Id; see also Bolton v. Scrivner, Inc.,
Aucutt has not presented any evidence indicating that his angina, high blood pressure, and coronary artery disease place a significant restriction on his ability to perform any of the basic functions enumerated in 29 C.F.R. § 1630.2(i). His difficulty completing the “streams course” hardly constitutes the requisite showing that his medical condition substantially limited his overall employment opportunities.
See Bolton,
Aso without merit is Aucutt’s claim that he is disabled under 42 U.S.C. § 12102(2)(C) because Six Flags regarded him as having an impairment which substantially limited one or more of his major life activities. In support of this argument, Aucutt notes that Six Flags was aware of his medical problems, his inability to perform the “streams course,” and his requests for an air-conditioned vehicle during the summer months. The mere fact that Six Flags had such knowledge, however, does not show that Six Flags regarded Aucutt as having a disabling impairment.
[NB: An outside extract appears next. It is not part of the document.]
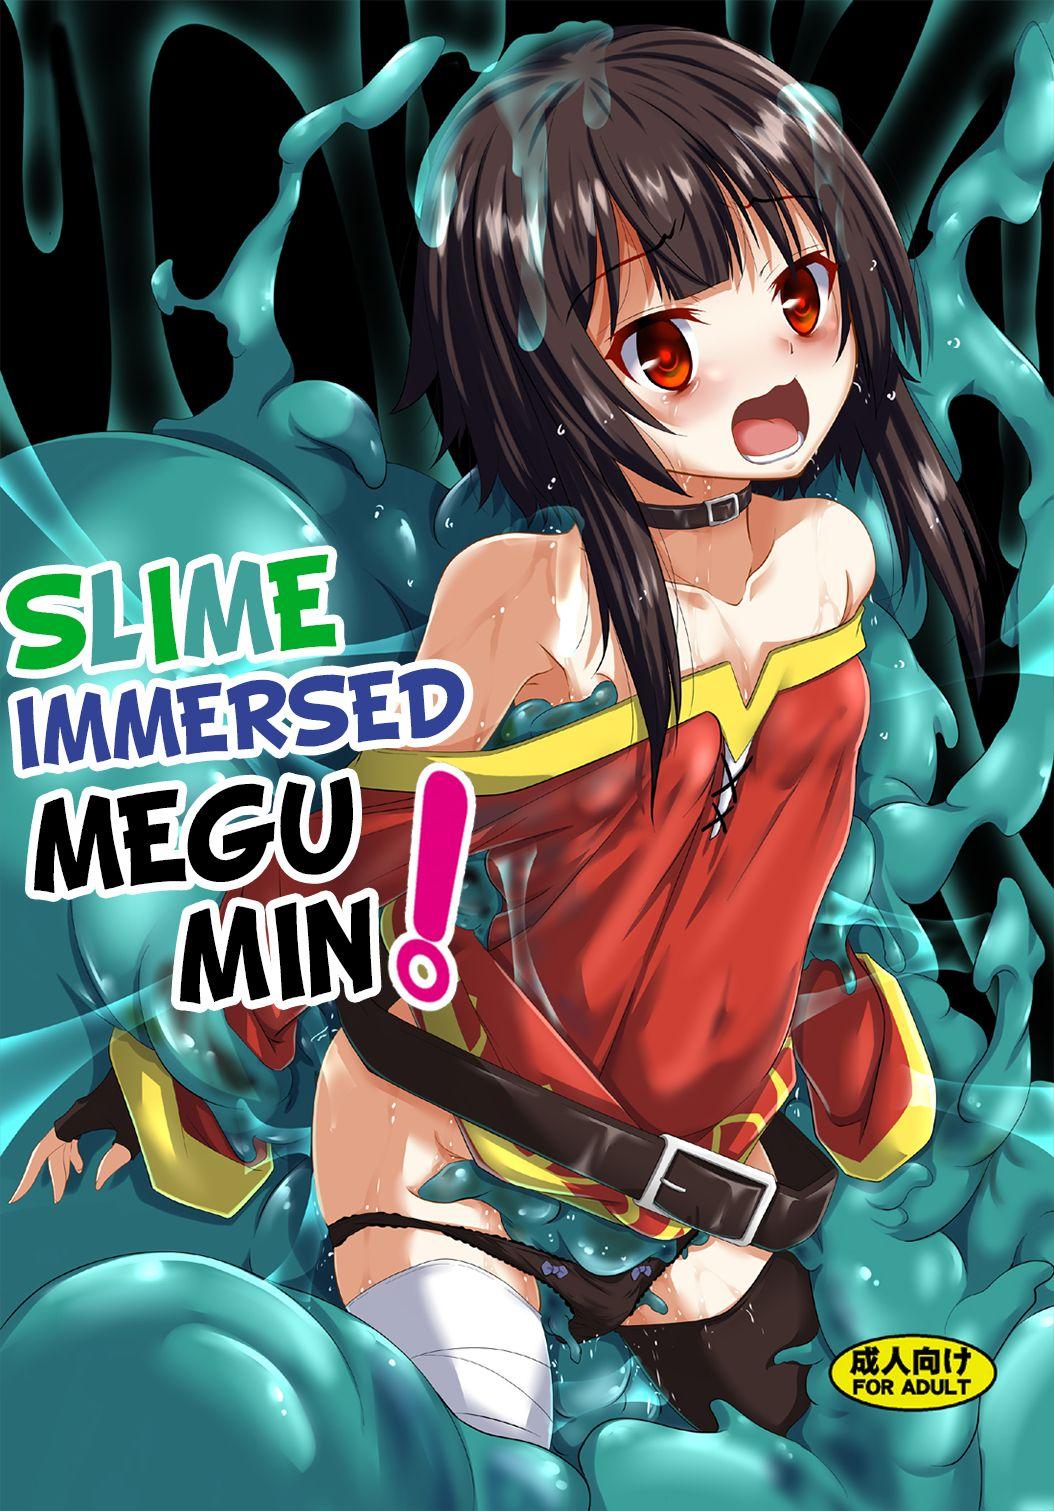 Megumin Slime-zuke! | Slime immersed Megumin! 0

We are again guided by the applicable EEOC regulations, which provide as follows:
(l)Is regarded as having such an impairment means:
(1) Has a physical or mental impairment that does not substantially limit major life activities but is treated by a covered entity as constituting such limitation;
(2) Has a physical or mental impairment that substantially limits major life activities only as a result of the attitudes of others toward such impairment; or
(3) Has none of the impairments defined ... [above] but is treated by a covered entity as having a substantially limiting impairment.
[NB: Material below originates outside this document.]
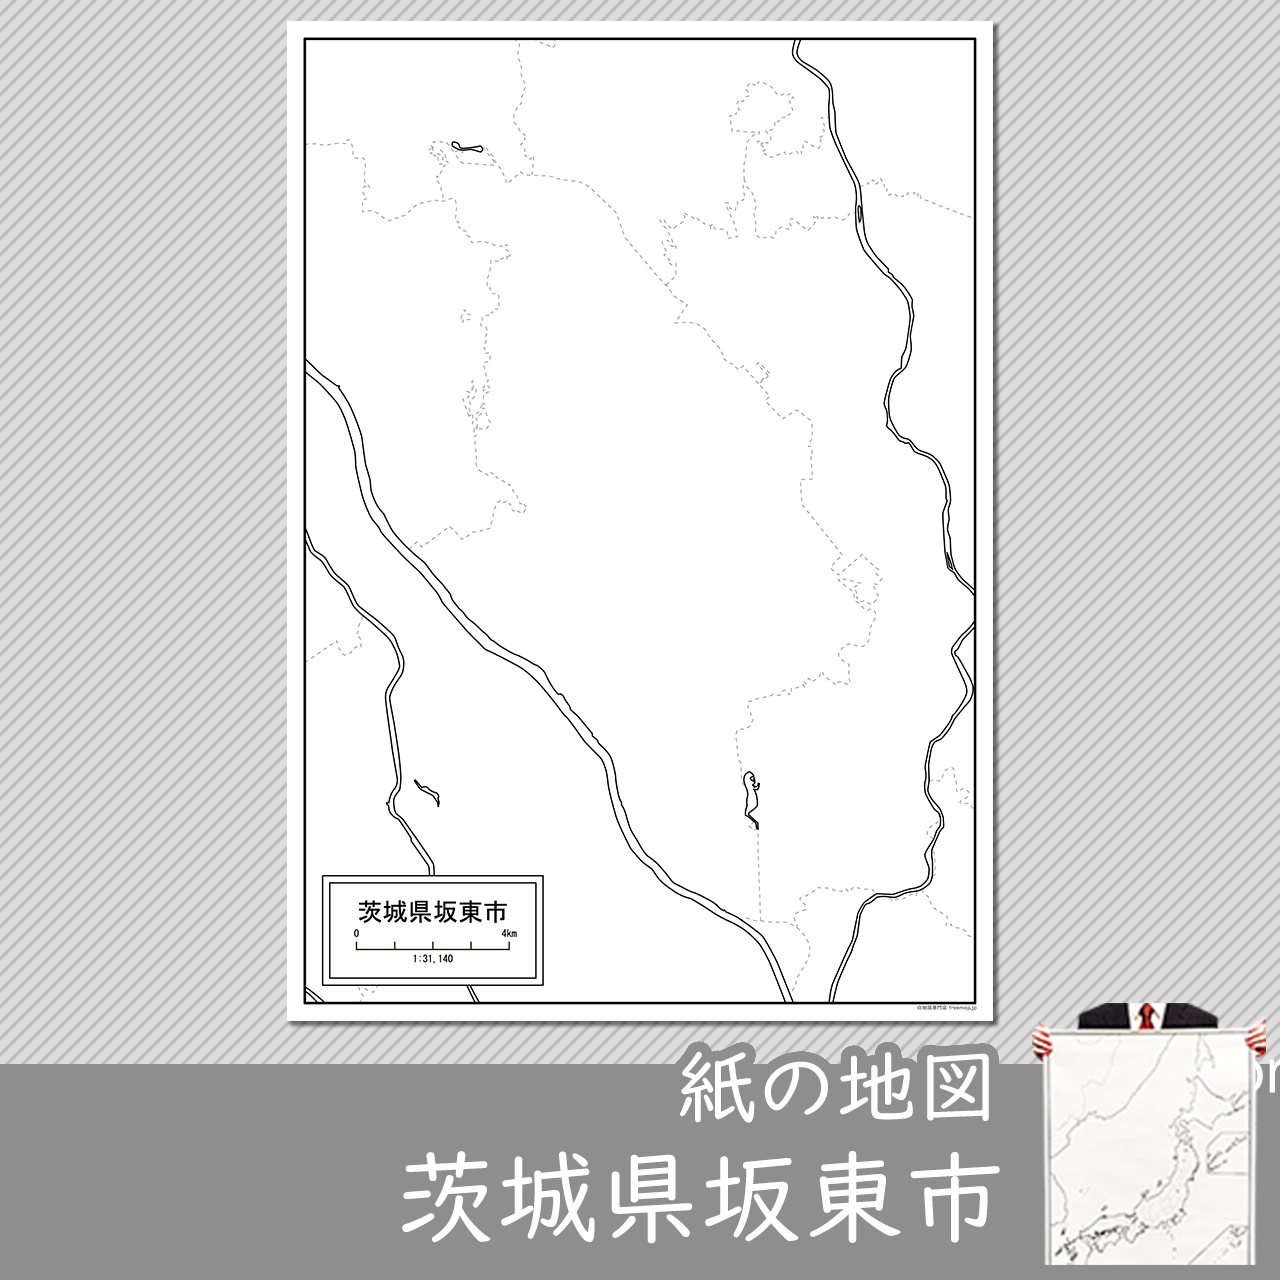 坂東市の紙の白地図のサムネイル

*1320 29 C.F.R. § 1630.2(Z)(1)-(3). Aucutt has not brought forth any evidence suggesting that Six Flags perceived or treated him as having a substantially limiting impairment. In the absence of such evidence, the fact that Six Flags was aware of his medical problems is insufficient to establish that Six Flags “regarded” him as disabled under 42 U.S.C. § 12102(2). Thus, we hold that Aucutt failed to make a prima facie case of disability discrimination.
III. Conclusion
After carefully reviewing the record, we hold that the district court did not err in granting summary judgment in favor of Six Flags on Aucutt’s ADEA and ADA claims. Accordingly, the judgment of the district court is affirmed.
Notes
. The Honorable Steven N. Limbaugh, United States District Judge for the Eastern District of Missouri.
. The ADEA provides, inter alia, that “[i]t shaE be unlawful for an employer ... to fail or refuse to hire or to discharge any individual with respect to his compensation, terms, conditions, or privileges of employment, because of such individual's age...." 29 U.S.C. § 623(a)(1).
. This argument is considered separately below.
. The ADA prohibits discrimination "against a qualified individual with a disability because of the disability of such individual in regard to job application procedures, the hiring, advancement, or discharge of employees, employee compensation, job training, and other terms, conditions, and privileges of employment.” 42 U.S.C. § 12112(a).